I was particularly intrigued about the “Rubin” in Julia’s and Raisa’s names – since Rubin is my maiden name. I thought that maybe I could claim some long lost relationship — and a gene or two — to this extraordinary family.

Rubin refers to Julia’s stepfather, Abe Rubin. Sass is the name of her biological father, Liova Sass. The double name is a way to pay tribute to both, she says.

“I am from Russia, and born in St. Petersburg, but traveled back and forth between St. Petersburg and Ukraine where my aunt’s family lived and helped to care for me. My father, a captain in the Russian navy and a university professor, died when I was five weeks old, and my mother, a physician, worked full time to support us. I spent the first nine years of my life in Russia and Ukraine, and then we went to Israel for eight months, where we have family.

“My stepfather, Abe Rubin, whose deceased wife was my mother’s first cousin, met my mother in Russia and then, after our stay in Israel, convinced her to start a new life with him in America. He decided he did not like Brooklyn, NY. He kept moving west and finally settled permanently in Ogden, Utah, renowned for its Mormon heritage, and particularly for the spectacular Latter Day Saints (LDS) edifice, the Ogden Utah Temple.”

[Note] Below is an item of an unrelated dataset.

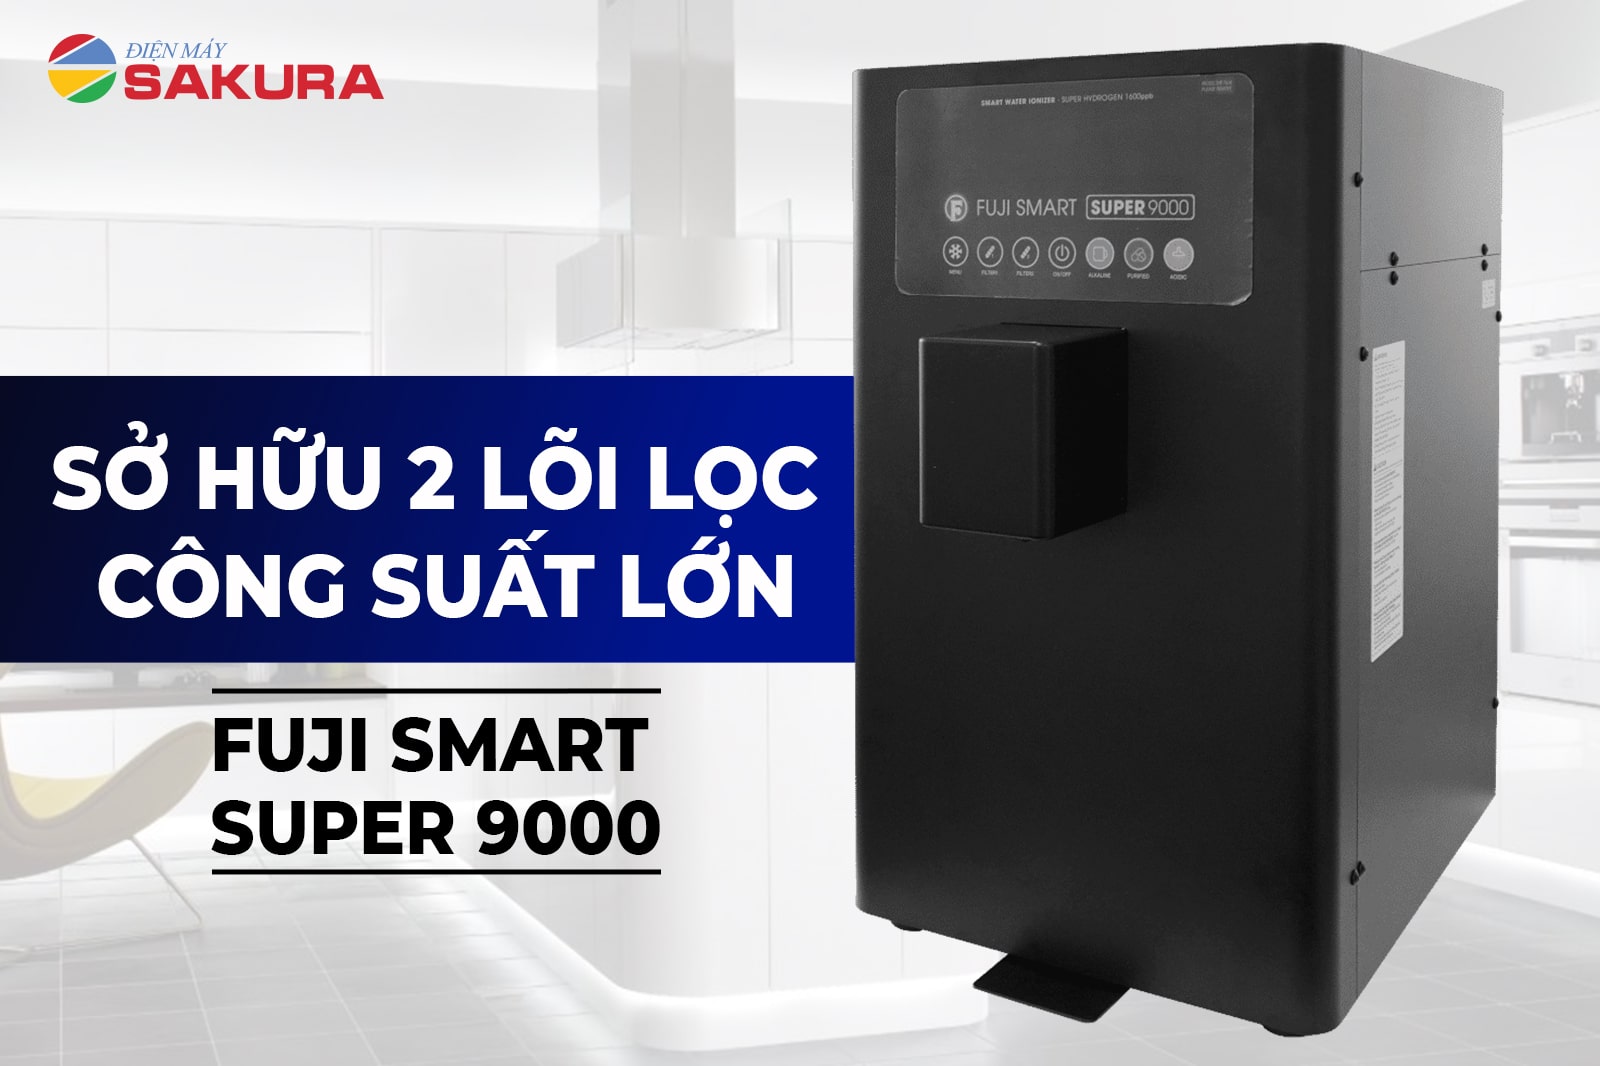 Máy lọc nước Fuji Smart Super 9000 sở hữu 2 lõi lọc công suất lớn

In spite of the LDS dominance, Julia says, “there was a small but active Jewish community – we even had a shul (synagogue).”

Julia remembers nothing specific guiding her to a career in public policy, other than she was raised in a family that had spirited conversations about issues during meals. When she was 12 years old, she joined NOW (the National Organization for Women).

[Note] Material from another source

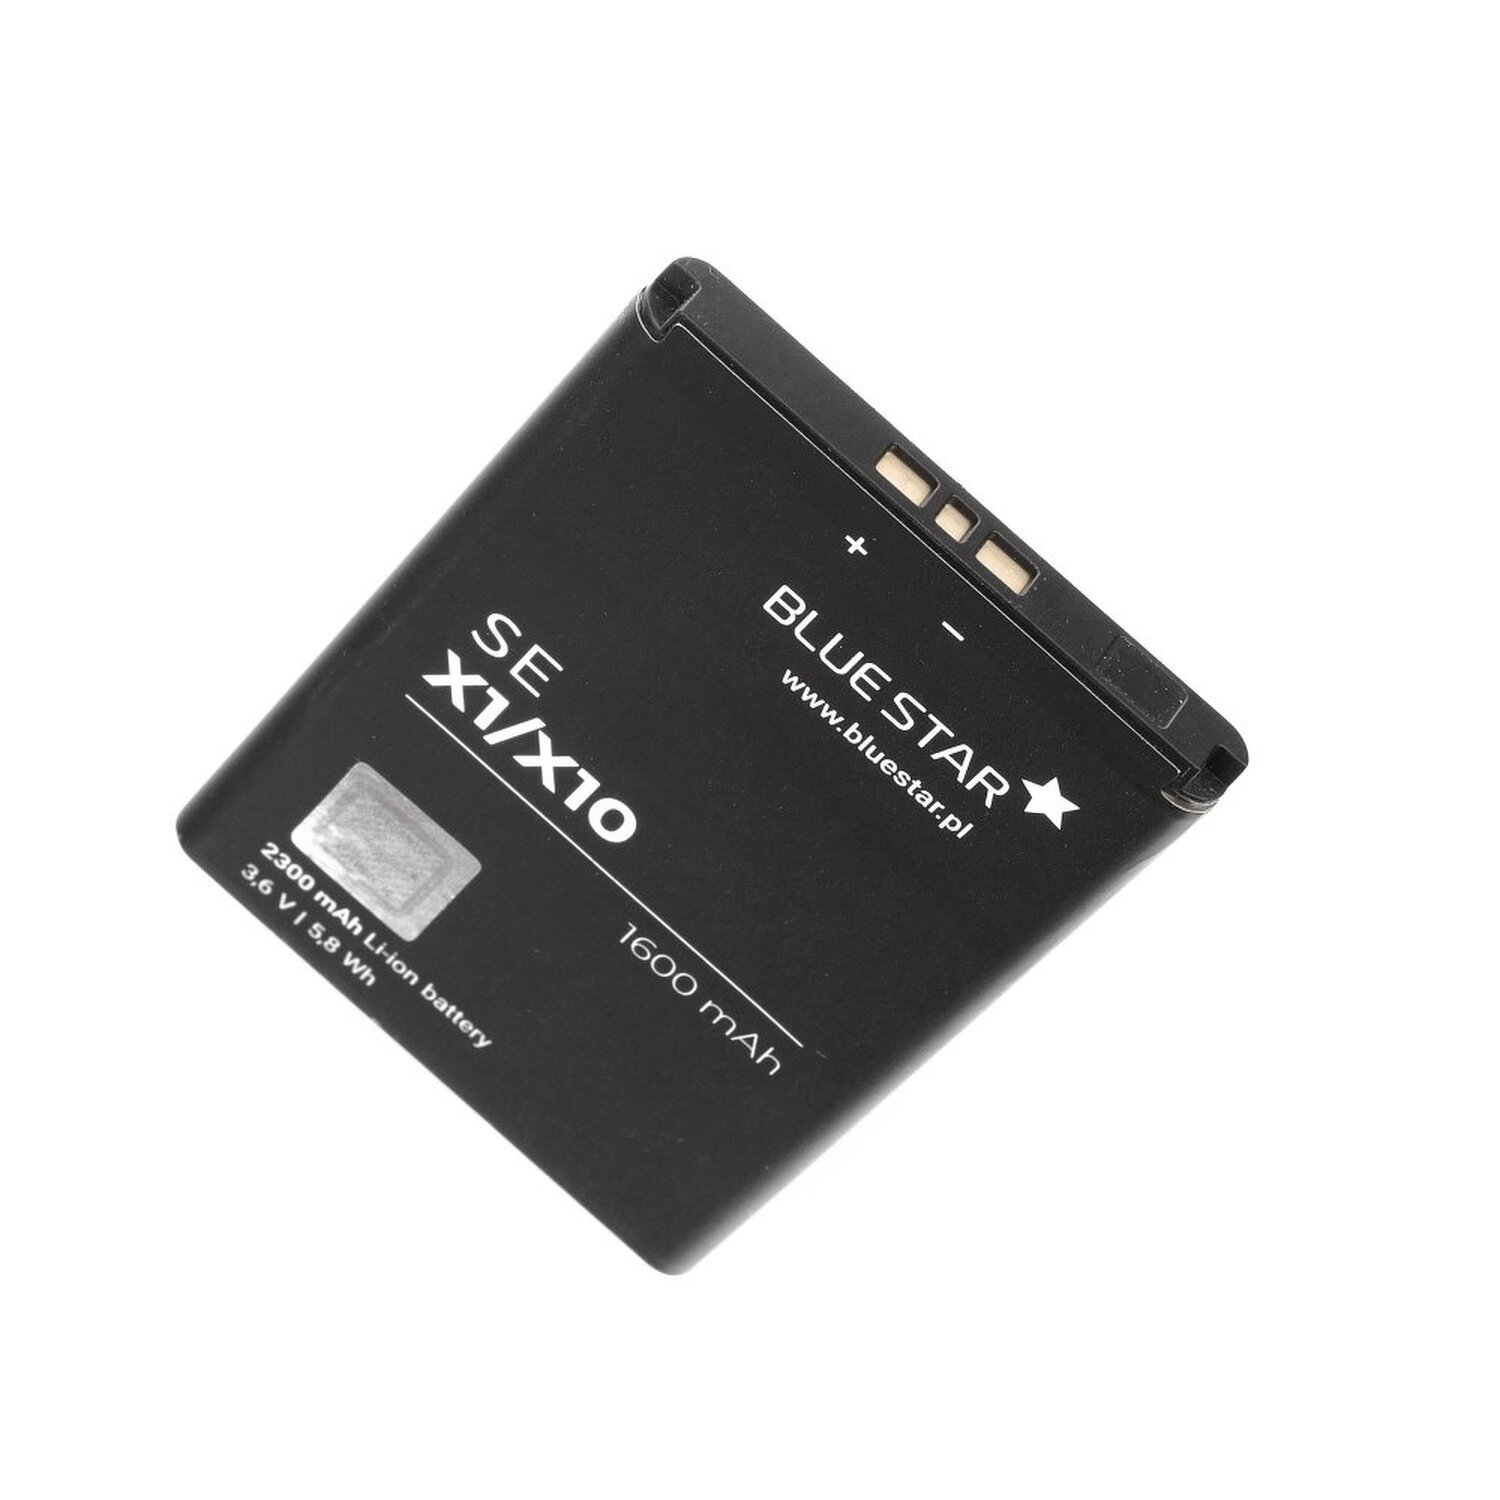 BLUESTAR Akku Sony Xperia Handyakku für X1 Li-Ion / X10

Carrying on this tradition, Julia, Greg, and Raisa on a regular basis solve the problems of the community, nation, and the world at their kitchen table. They feed on issues – and in this wacky world, they will never be hungry.

I would like to suggest a ballot initiative establishing the Rubin Sass Stankiewicz Kitchen Table Institute of Public Policy to help the rest of us deal with our political indigestion.